Я не растерялся, достал из кармана квитанцию на бензин и стал внимательно ее изучать.
– Так, сейчас посмотрим… осталось еще девять фамилий. Завтра позвоню твоим родителям, тогда останется семь…
Она ничего не ответила, так как с нами были дети.
В Стенхоп Холл мы вернулись в понедельник, и несколько дней в доме царило оживление, так как к детям приходили их друзья. В небольших дозах мне это оживление по душе, особенно по праздникам – на Рождество, на День благодарения, на Пасху – это напоминает мне, вероятно, мои собственные школьные годы.
Дети из богатых семей, как правило, знают, как себя вести.
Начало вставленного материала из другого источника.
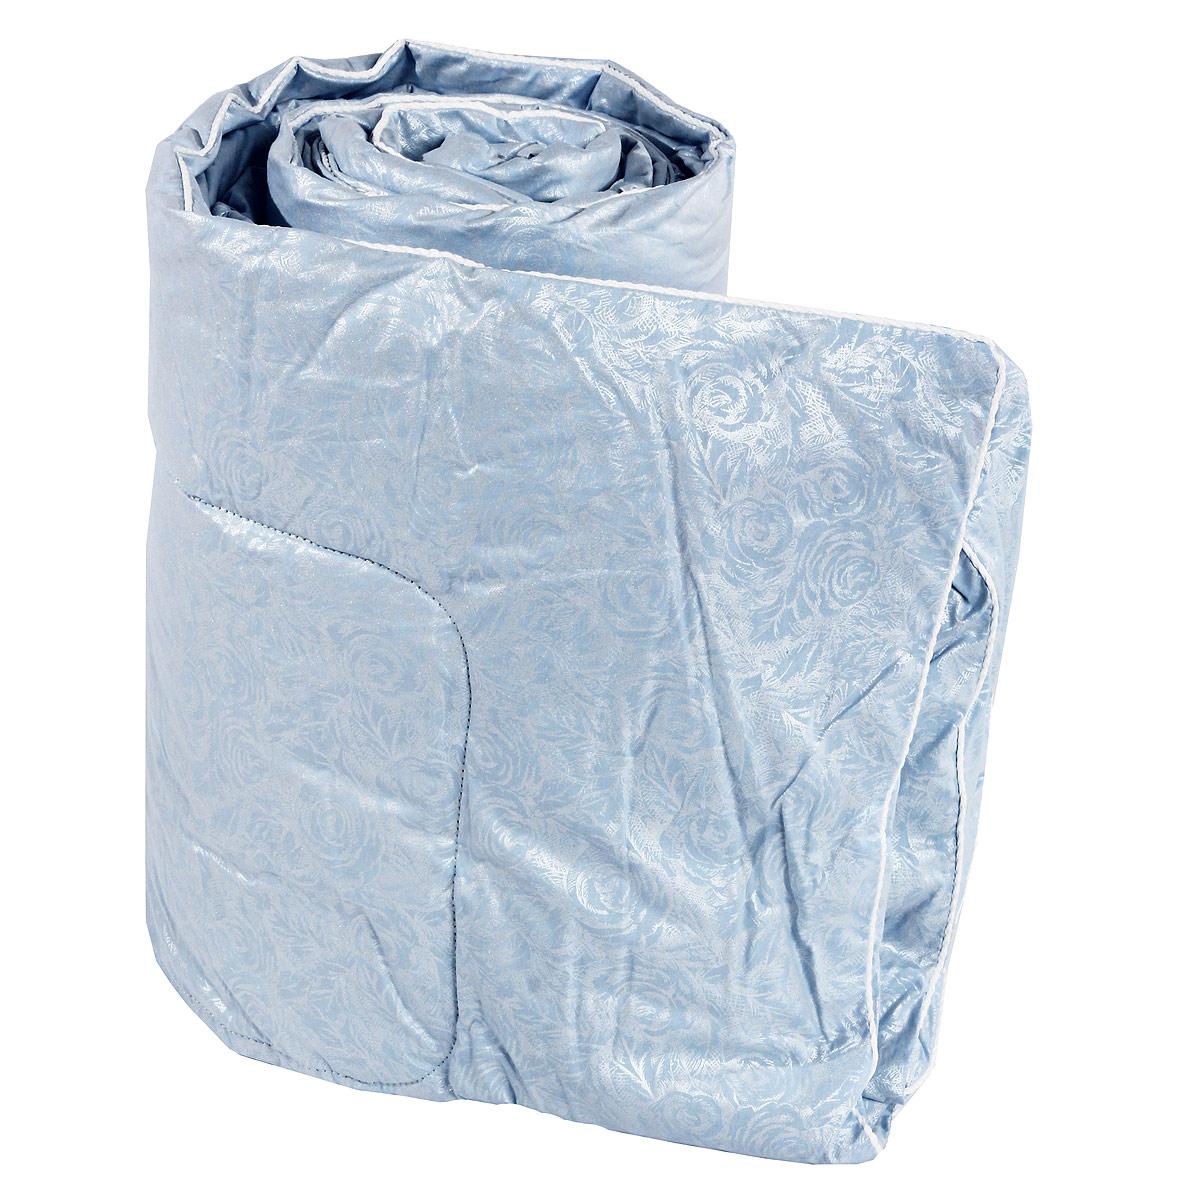 Одеяло Dargez Прима, наполнитель: пух, 172 см х 205 смCLP446Одеяло Dargez Прима представляет собой стеганый чехол из натурального хлопка с пуховым наполнителем. Особенности одеяла Dargez Прима:натуральное и экологически чистое;обладает легкостью и уникальными теплозащитными свойствами;создает оптимальный температурный режим;обладает высокой гигроскопичностью: хорошо впитывает и испаряет влагу;имеет высокою воздухопроницаемостью: позволяет телу дышать;обладает мягкостью и объемом. Одеяло упаковано в прозрачный пластиковый чехол на молнии с ручкой, что является чрезвычайно удобным при переноске. Характеристики: Материал чехла: 100% хлопок (перкаль). Наполнитель: пух первой категории. Размер: 172 см х 205 см. Масса наполнителя: 0,7 кг. Артикул: 20340П. Торговый Дом Даргез был образован в 1991 году на базе нескольких компаний, занимавшихся производством и продажей постельных принадлежностей и поставками за рубеж пухоперового сырья. Благодаря опыту, накопленным знаниям, стремлению к инновациям и развитию за 19 лет компания смогла стать крупнейшим производителем домашнего текстиля на территории Российской Федерации. В основу деятельности Торгового Дома Даргез положено стремление предоставить покупателю широкий выбор высококачественных постельных принадлежностей и текстиля для дома, которые способны создавать наилучшие условия для комфортного и, что немаловажно, здорового сна и отдыха.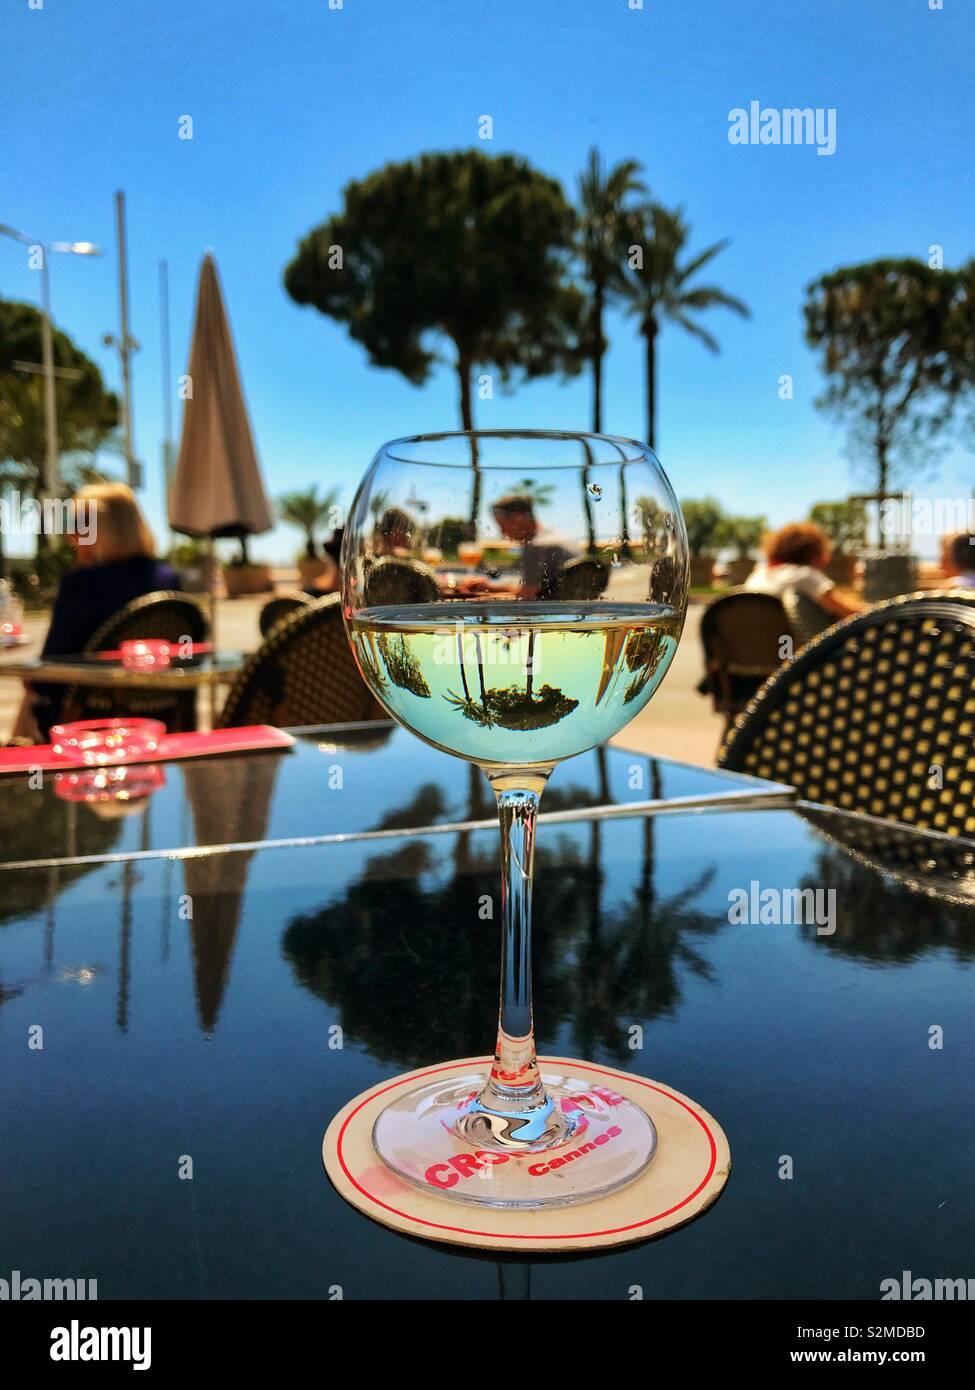 Bicchiere di vino bianco su un tavolo in un ristorante sul mare a Cannes, Francia Foto Stock

Их с детства приучают к правильному ведению беседы со взрослыми. Они, конечно, с ними и вовсе бы не общались, но раз уж приходится, то ребята делают это умело. В жизни их ждет успех и счастье.
Каролин и Эдвард заказали себе билеты, естественно, на разные рейсы, так что мне предстояли две поездки в аэропорт Кеннеди, причем в неудобное время. Именно в такие минуты я начинаю жалеть, что у нас нет шофера. Мы могли бы отправить наших детей на такси, но, после того как я послал к черту своих родителей, я чувствую себя несколько… словом, не так, как всегда.
Дети наконец улетели, дом затих. Несколько дней подряд шли дожди. Я ездил в свой офис в Локаст-Вэлли, чтобы хоть чем-то заполнить дни, но много не наработал, только нашел один нужный мне документ, касающийся дома в Ист-Хэмптоне. Один из дней я провел за подсчетами моих расходов, пытаясь вычислить, какой же доход на капитал я получу после продажи дома и уплаты всех долгов. Я мог бы, как и прежде, вложить эти деньги в покупку нового дома и избежать налогов, но я знал, что не буду покупать новый дом в ближайшем будущем, возможно, даже – никогда. Эта мысль, возникшая внезапно, поразила меня до глубины души. Не то чтобы мне не хватало денег на эту покупку, нет, просто я принял решение не загадывать на будущее. Современная жизнь толкает человека к предсказуемости его будущего – рассрочка на тридцать лет, депозиты на семь лет, стабильные ставки и программы обеспечения в старости. Но последние события показали мне, что я неспособен предсказывать или планировать свое будущее, так черт с ним, с этим будущим. Поживем – увидим, я ведь всегда хорошо ориентировался, когда попадал в другие страны, так почему же я не сориентируюсь в будущем?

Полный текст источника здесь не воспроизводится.